The primary reason for the retention of passengers who are waiting at the platform is the mismatch between the free load of the bus and the number of passengers who are waiting. Considering that there is an upper limit of $Q_{max}$ in the maximum passenger load of the bus, the optimization of the passenger flow mainly depends on the analysis of the number of people waiting. By setting a passenger flow detector at the bus station and using 1 min as the statistical interval, the number of passengers arriving at platform i is $q_i\left(t\right)$, and the number of passengers waiting at the platform between the two bus stations can be obtained as follows:

$$Q_{wait}^i={\int }_0^{t_p}{q}_i\left(t\right)dt$$

(8)

$t_p^i$ is the departure time interval between the front and rear buses.

It can be found from (8) that the bus departure interval is the main factor affecting the number of passengers waiting at the platform. Moreover, the number of passengers on the bus $Q_{bus}^i$ can be obtained by analyzing the data on the vehicle’s loading and unloading on the previous platforms. The bus’s maximum passenger capacity $Q_{max}$ and the predicted number of people departing at the next bus station can be combined to determine the bus remaining capacity $Q_{yu}^i$ and the number of passengers that the vehicle can board at the next platform $q_{up}^{i+1}$. Moreover, if $q_{up}^{i+1}\ge Q_{wait}^{i+1}$, it means that all passengers who are waiting $Q_{wait}^i$ can embark. Otherwise, it means that the passengers who are waiting cannot all embark, and some passengers will stay on the platform, i.e., $Q_{zhi}^i=Q_{wait}^{i+1}-q_{up}^{i+1}$.

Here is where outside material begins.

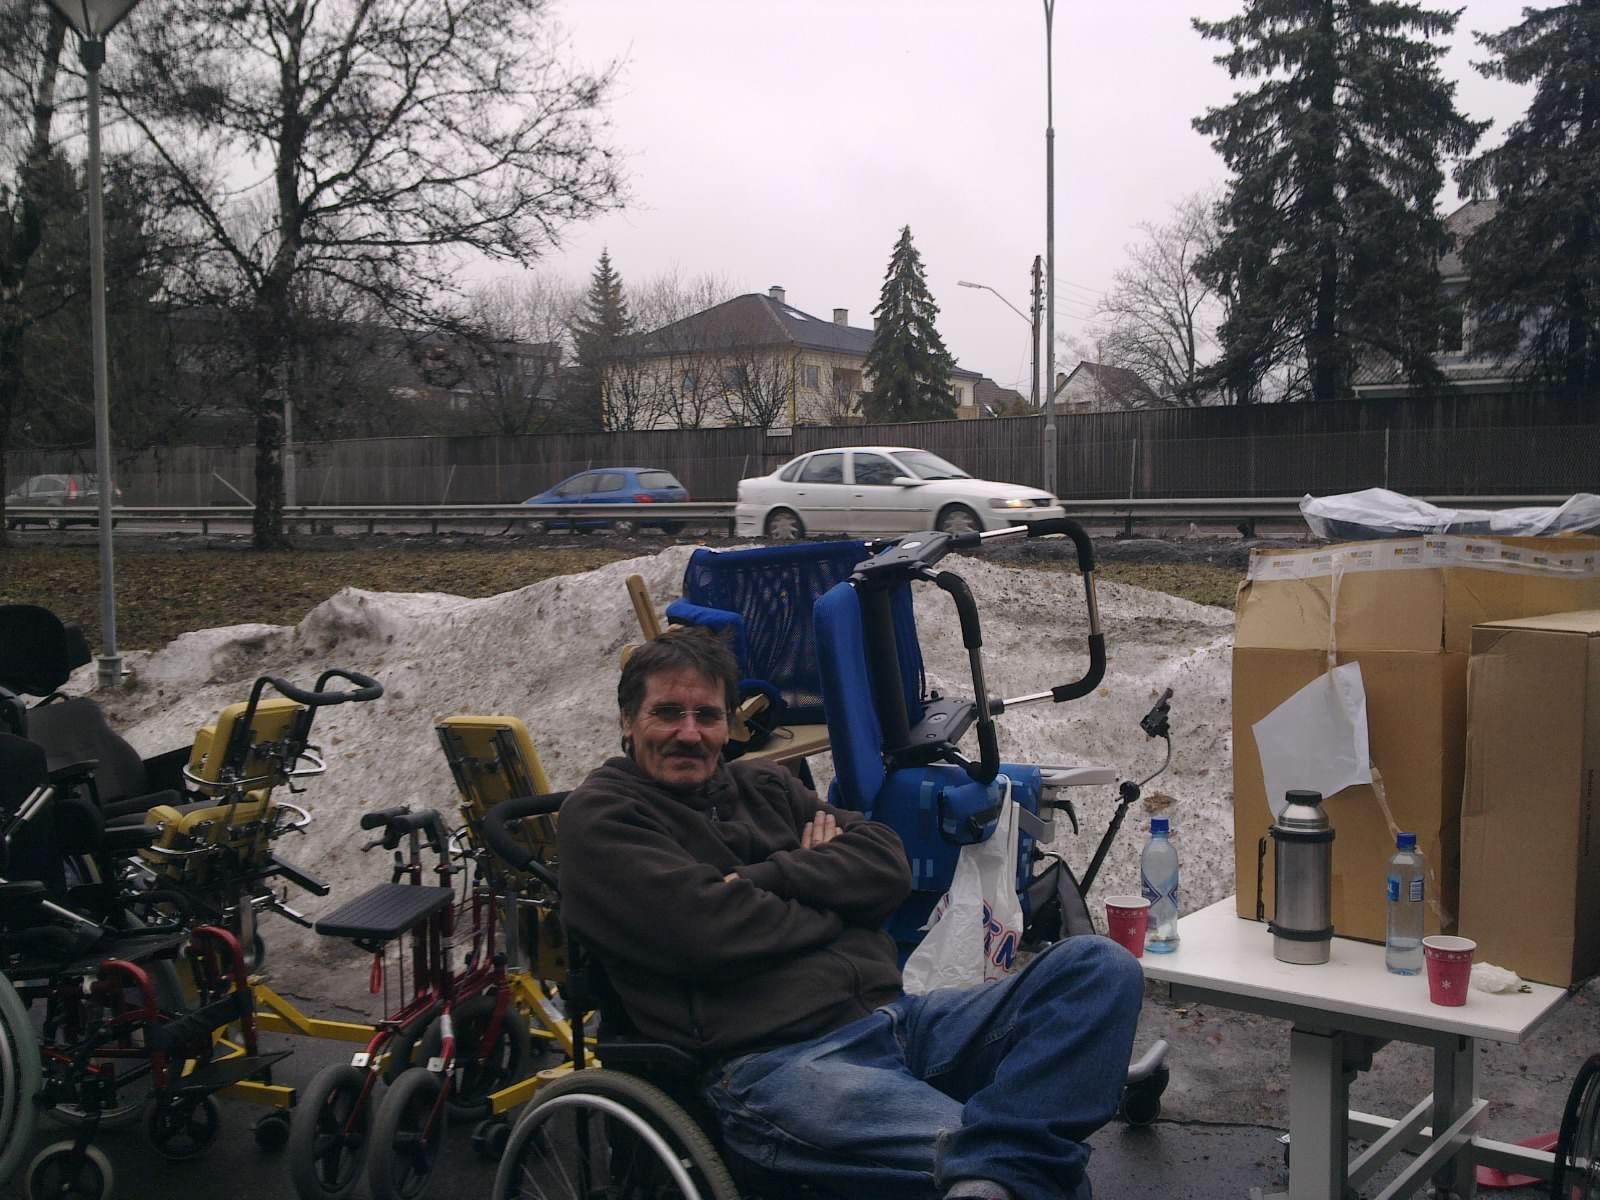 Kaffepause midt mellom biltrafikk, snø og rullestoler

Thus, it can be seen that the route parameters of the buses at the N-th bus stations are:

$$\left\{\begin{array}{c}{Q}_{zhi}\left(t_p\right)={\displaystyle \sum _{i=1}^N}\left[max\left(0,Q_{wait}^{i+1}-q_{up}^{i+1}\right)\right]\hfill \\ Q_{yu}\left(t_p\right)={\displaystyle \sum _{i=1}^N}\left[Q_{max}-\left({\displaystyle \sum _{i=1}^{i-1}}{Q}_{up}^i-{\displaystyle \sum _{i=1}^{i-1}}{Q}_{off}^i\right)\right]\hfill \end{array}\right.$$

(9)

Therefore, from (9), we can see that the bus departure time interval is directly related to the number of people retained on the platform and the free load of the bus line. Moreover, the ideal state is $Q_{zhi}=0,Q_{yu}=0$; therefore, the optimization function for the departure interval can be constructed as:

$$\left\{\begin{array}{c}{Y}_1=min\left[{\alpha }_1{\zeta }_1\left(t_p\right)+{\alpha }_2{\zeta }_2\left(t_p\right)\right]\hfill \\ {\zeta }_1\left(t_p\right)=2\left[sigmoid\left(Q_{zhi}\right)-\frac{1}{2}\right]=\frac{1-e^{-Q_{zhi}}}{1+e^{-Q_{zhi}}}\hfill \\ {\zeta }_2\left(t_p\right)=\frac{Q_{yu}}{N{Q}_{max}}\hfill \end{array}\right.$$

(10)

${\alpha }_1,{\alpha }_2$ are the weight coefficients. The optimal departure time interval can be obtained by the genetic algorithm. Moreover, when $Q_{zhi}=0$, ${\zeta }_1=0$; when $Q_{zhi}=\infty$, ${\zeta }_1=1$; when $Q_{yu}=0$, ${\zeta }_2=0$; when $Q_{zhi}=N{Q}_{max}$, ${\zeta }_2=1$.

We use the genetic algorithm to obtain the optimal bus departure time interval, which is introduced in Algorithm 2. It is important to note that in the actual application process, based on the findings of reference [36], which indicates that premature convergence may occur if the prominence of the population continues to increase or remains unchanged, we added population entropy to judge whether there was premature convergence.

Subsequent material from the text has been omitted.